I'm correctly getting the callback against my MonitorDisplayProc, and since I bracket the EnumDisplayMonitors call with GetDC(null), ReleaseDC(null, hdc), I'm able to pass the DC that (should) correspond to the virtual desktop to EnumDisplayMonitors.
Inside of MonitorDisplayProc, I'm able to take the provided hdcMonitor and lprcMonitor vars and paint to the relevant display via FillRect(hdcMonitor, lprcMonitor, (HBRUSH) GetStockObject(BLACK|GRAY|WHITE_BRUSH)). So far, so good.
Now, when I use the hdcMonitor object to create a GDI+ Graphics object, it seems to work okay for the primary monitor.

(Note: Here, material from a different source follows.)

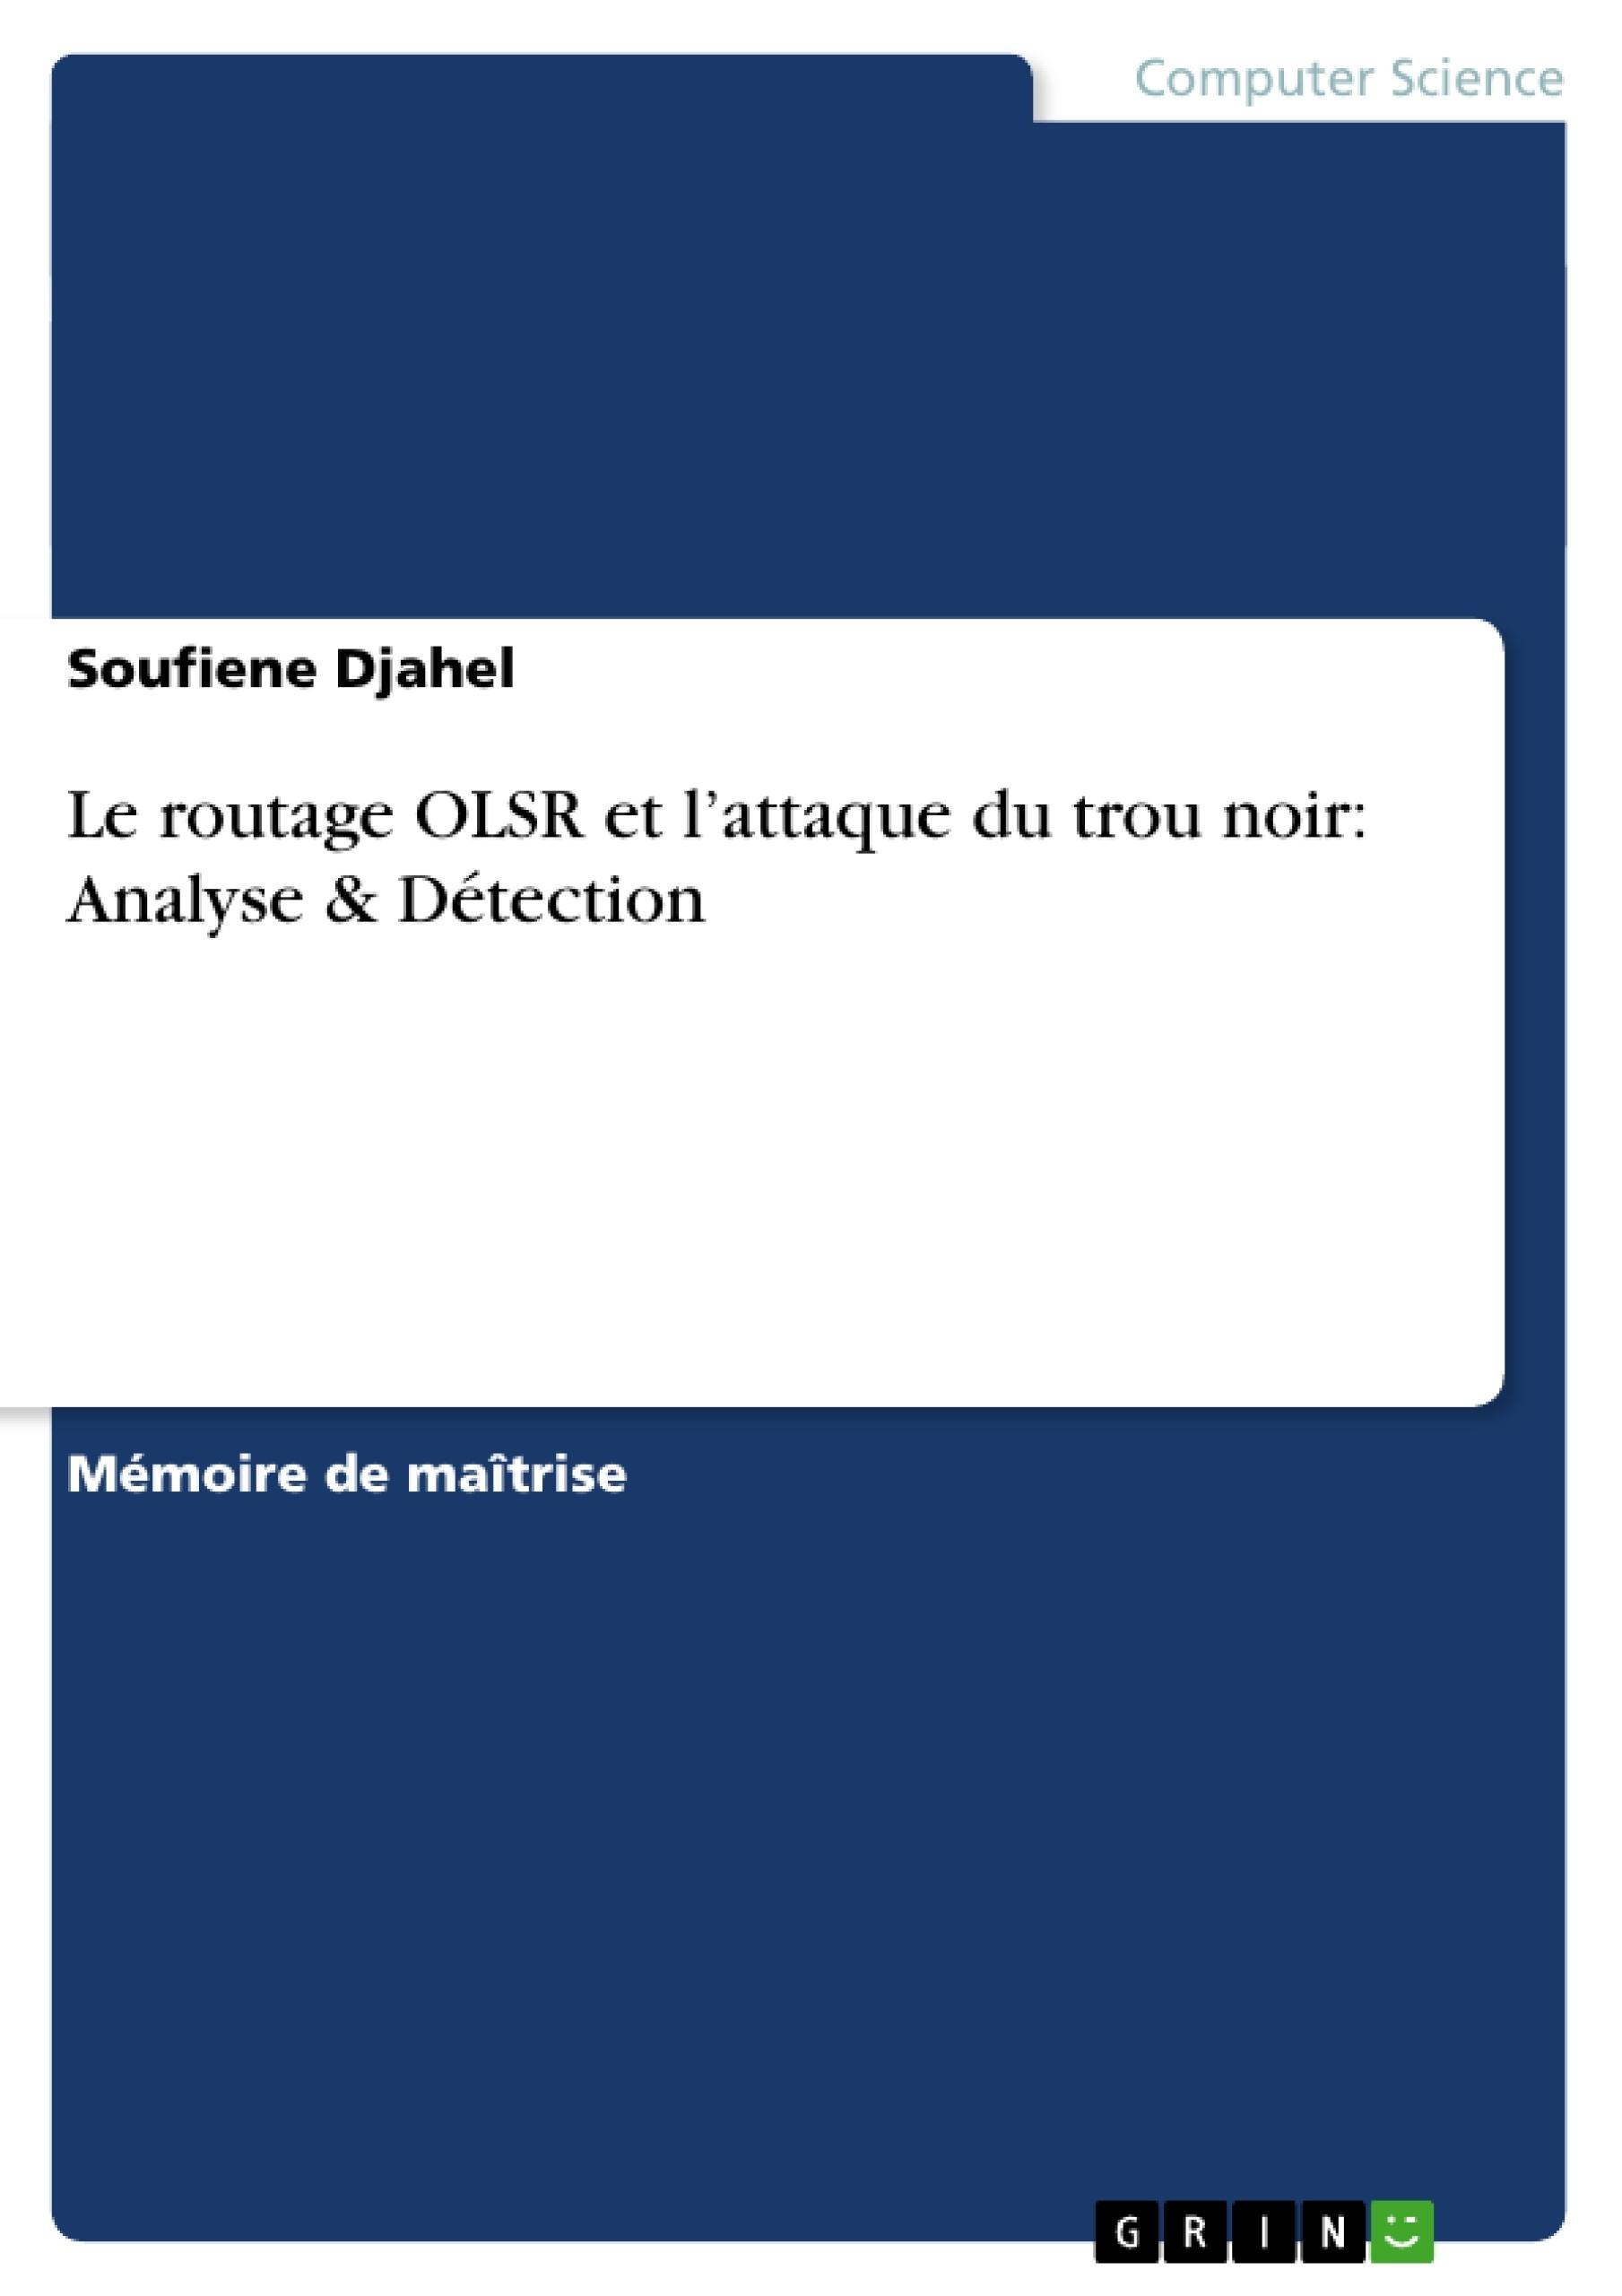 Titre: Le routage OLSR et l'attaque du trou noir: Analyse & Détection

I can load an Image from disk and draw to the primary screen just fine.
However, when my MonitorDisplayProc gets the callback for my second display, graphics.GetVisibleClipBounds(&clipRect) is returning a {0,0,0,0} rect. Appropriately, graphics.isVisible(...) is also failing.
Reading the MSDN docs for GetVisibleClipBounds makes me believe something in the hdcMonitor object is incorrect, but I'm having a hard time proving it - I'm trying to fetch the hdcMonitor's bounding box via GetRandomRgn(hdcMonitor, hRgn, SYSRGN) but that is returning 0's when I pass it into region.GetBounds(...). This makes me think I'm misunderstanding something about graphics's world/page/device conversion, but I'm not sure.
There's lots of documentation on the web about C# using forms, but I'm having a rough time finding anything that directly references this problem either via Google or MSDN.
Does anybody out there have any idea why Gdiplus::Graphics would be reading a HDC 'improperly' as specified above? Any help would be *greatly* appreciated.